Our Data

Our research relies on use of routinely collected data, that is information collected in clinical records and healthcare investigations as part of the delivery of care. This data has the potential to dramatically improve the health of the UK population. We also recognise the key importance of using such data in a transparent, compliant and secure manner. Where it is feasible, we will seek explicit consent from the owners of that data. Where there are good reasons why this is not possible, we use the following processes and principles to ensure use of the data is legal, ethical and serves a genuine public interest:

Anonymisation

All the data which we use will be in anonymised form. All the data we extract from the NHS will be de-identified. We will never knowingly pass data which includes information which can be used to identify the people it relates to outside of the NHS.

Consultation

Our projects are co-designed by people with lived experience of the disease. Their views and (where appropriate) the views of the general public are incorporated into our work. We disseminate accessible information about our our projects prior to acquiring any data, to allow people the opportunity to opt out of the use of their data. We will ensure that anyone who has joined the NHS England data opt out register is not included in our research.

Ethical approval

All our research is reviewed and approved by a local (University of Plymouth) and national (Health Research Authority) ethical review board.
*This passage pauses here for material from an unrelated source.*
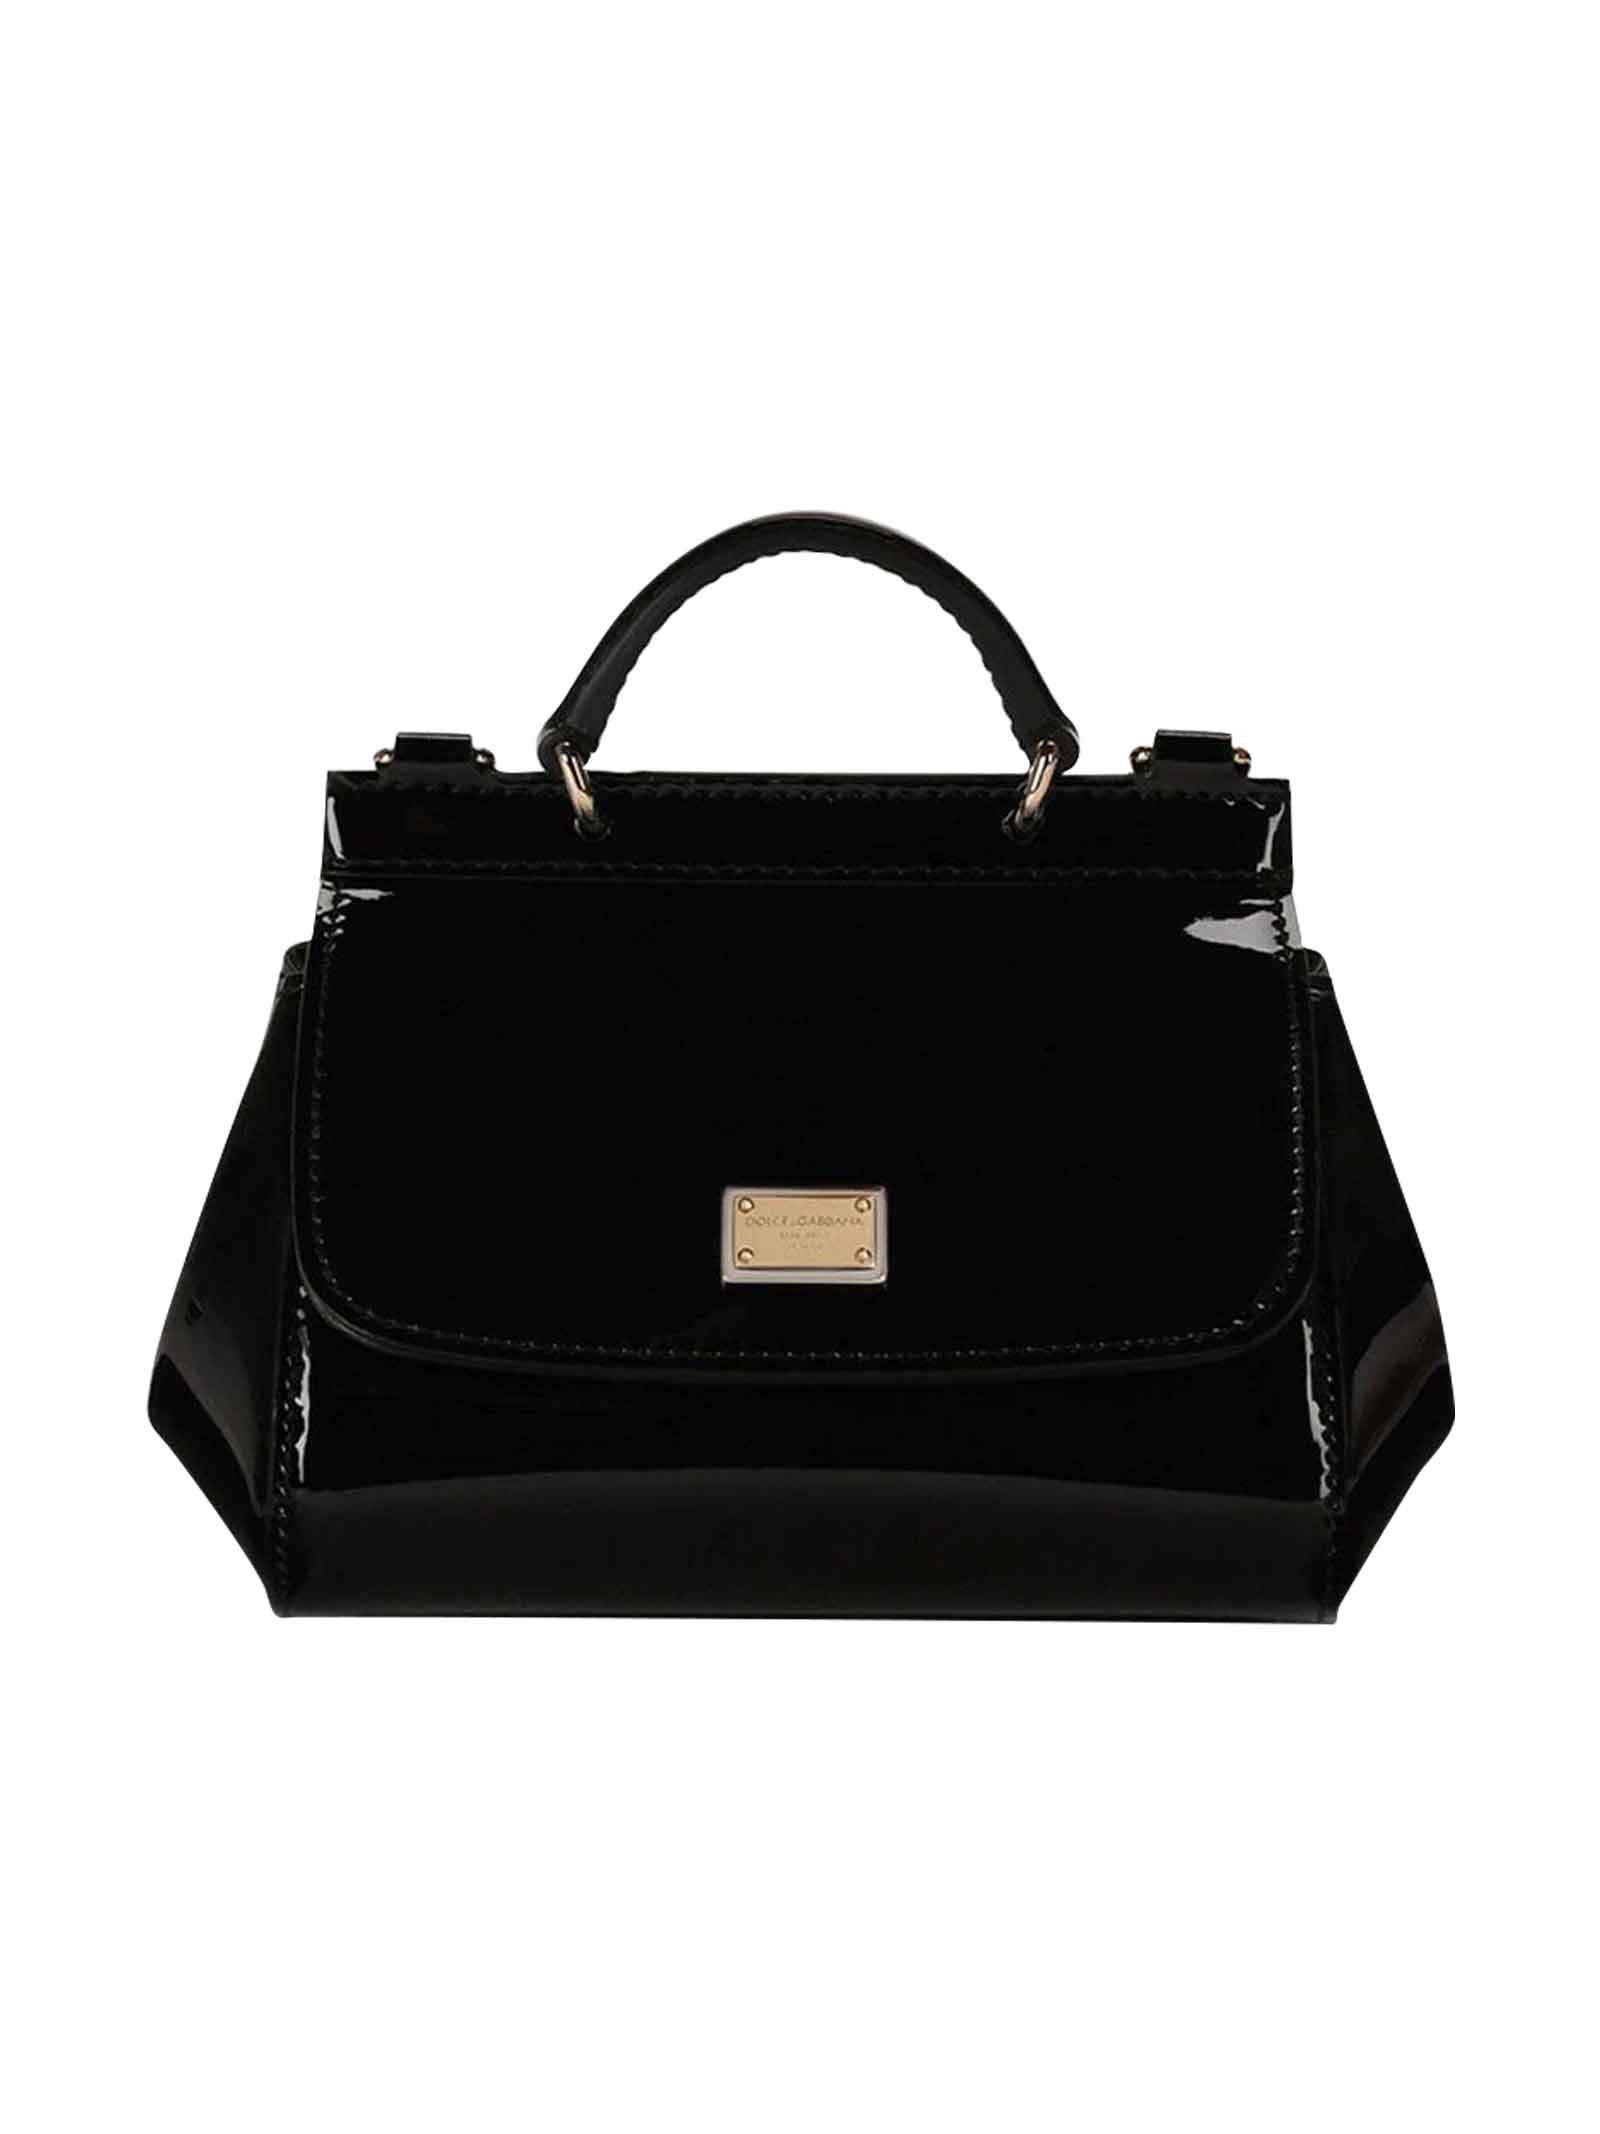 Dolce & Gabbana Black Tote Bag

Where our projects involve the transfer of identifiable data outside of the routine care team, data is reviewed by the Confidentiality Advisory Group of the Health Research Authority.

Data minimisation

We will always use the minimum amount of data we require to deliver the aims of the project.

Data security

When extracting identifiable patient data, where possible we will collate and link our databases within the routine care team (the people who would have access to that data as part of their role in delivering clinical care). This is possible because many of our team have combined roles as researchers and NHS professionals. All identifiable data (data which contains information such as name or date of birth) is handled solely on NHS computer systems. Before data is passed to University researchers (or in some cases, if relevant governance and patient/public consultation is in place, external partners), it is fully deidentified and audited, to ensure it is not possible to identify individual subjects within it.